The chart below represents the annual performance of various global indices and highlights the difference in annual performance. Here’s a snapshot of each index’s industries, theme or geographic area.

  1. S&P 500: Widely regarded as the best gauge of US large-cap equities, which are companies with a market capitalization value of more than US$12.7 billion.
  2. Nasdaq: Tech focused and heavily weighted to a few mega cap names.
  3. TSX Composite: Heavily focused on energy and financials; less diversification when compared to the S&P 500.
  4. MSCI EAFE: Covers Europe, Australasia, Israel and the Far East, and is one of the broadest geographical indices.
  5. Russell 2000: US small-cap index covering companies with market capitalization from $250 million to $2 billion.
  6. FTSE 100: Covers the largest companies on the London Stock Exchange.
  7. MSCI Emerging Markets (EM): Covers 24 EM countries such as Brazil, China and Mexico.
  8. MSCI Euro Index: Measures developed markets in Europe.

Index performance from 2012 to 2023

Source: Bloomberg
The annual performance of eight different indices over 11 years shows the variance between and within indexes year over year.

It’s clear from this chart that while there are varying sector themes, there is no single index consistently outperforming the rest over time. Market cycles vary across geographies and sectors, and even professionals who study the market full time have difficulty predicting performance.

“The most sound defense against market volatility is portfolio diversification,” says Jared Kadziolka, a senior portfolio analyst with ATB Wealth. “We’re always going to see fluctuations in all sectors and geographies, but we don’t know exactly when. You can limit your risk and improve returns by ensuring your portfolio includes a broad mix of assets.”

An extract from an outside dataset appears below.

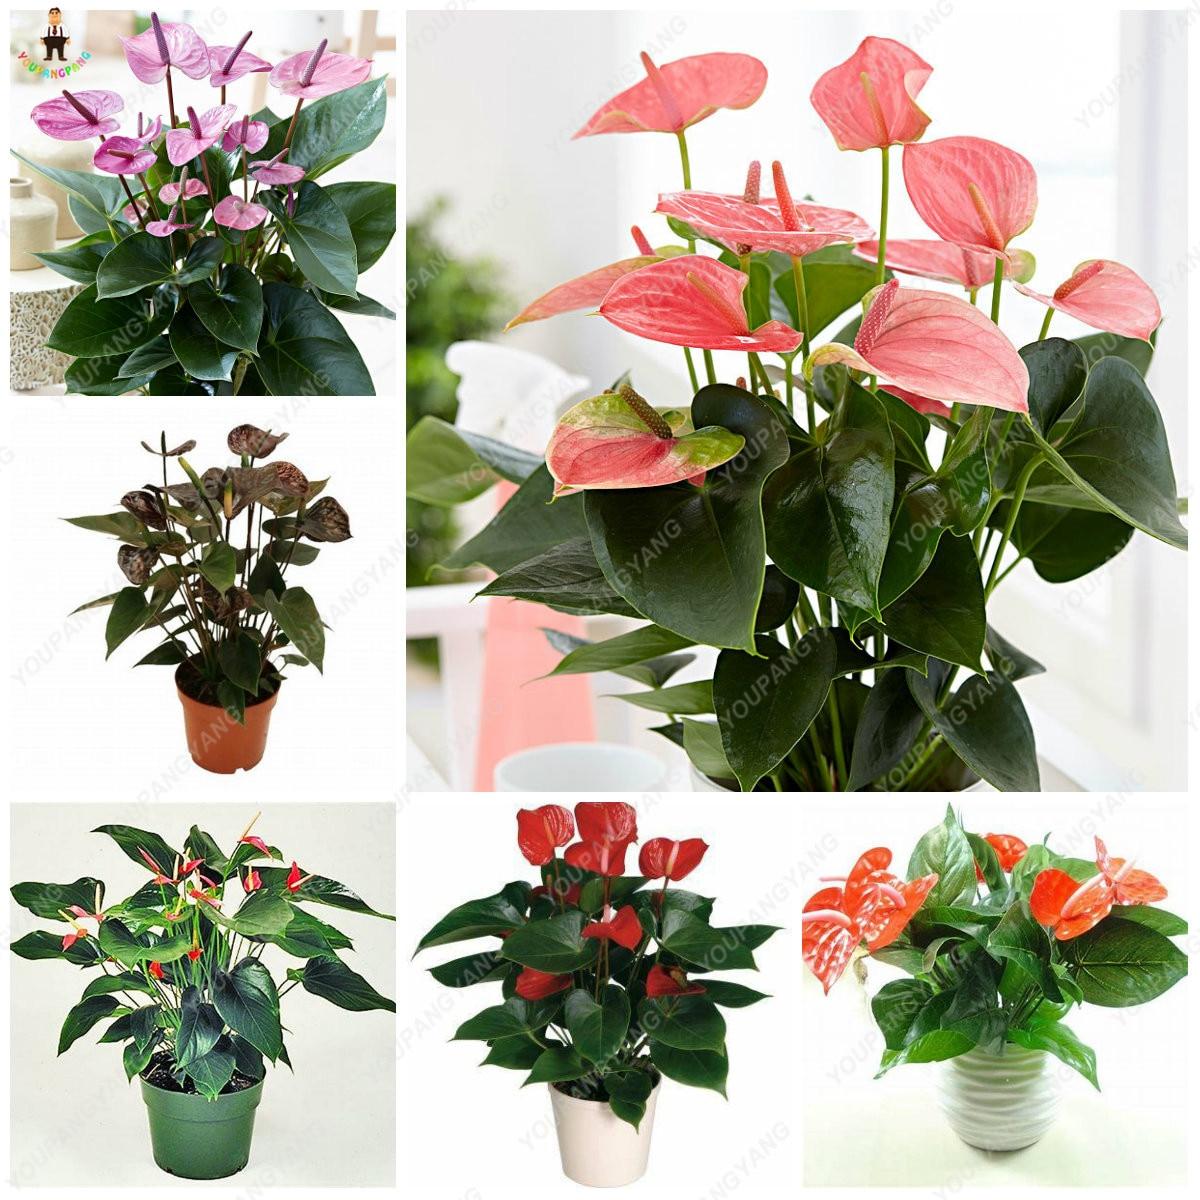 Us 0 88 Hot Sale 50pcs Anthurium Plants Beautiful Rainbow Anthurium Garden Flowers High Survival Rate Bonsai Tree Garden Decoration In Bonsai From

"We’re always going to see fluctuations in all sectors and geographies, but we don’t know exactly when. You can limit your risk and improve returns by ensuring your portfolio includes a broad mix of assets."

Jared Kadziolka

Senior Portfolio Analyst, ATB Wealth

Active portfolio managers have been sharpening their pencils in 2023 as a wide range of returns in various indices could have a significant impact on returns. The difference in year-to-date returns for major North American indices such as the Nasdaq (31%), S&P 500 (14%), TSX (2%) and Dow Jones (3%) illustrates the significant variance of sector and geographic exposures within these indices. 

Another good example of this is the significant outperformance of the TSX Composite Index in 2022 compared to its peers, due to a rally in oil prices that provided a cash windfall to many western Canadian producers. Alternatively, the Nasdaq significantly underperformed in 2022 as investors sold longer duration equities in favour of those generating near-term cash flow. In 2023, the markets have renewed interest in big tech names as the Nasdaq is among global leaders in index performance. While this is great news for those with exposure to the index, it is important to note that the Nasdaq outperformance has been largely driven by six names—Apple, Microsoft, Amazon, Tesla, Google and Nvidia, who collectively represent 39% of the index, as of March 31, 2023.

2023 performance of Nasdaq mega cap top performers versus TSX

Source: Bloomberg
Apple, Microsoft, Nvidia, Tesla and Google have helped drive the Nasdaq higher than other indices so far in 2003.

So is it too late to get in on Nasdaq’s upward momentum and AI stocks like Nvidia? 

“You’ll definitely be paying a premium now,” says Kadziolka. “And you never know if or when that momentum will pause or reverse, as other trendy stocks like Tesla have shown. There’s nothing wrong with swinging big, but know what you’re getting into and make sure you have a well diversified portfolio to fall back on.”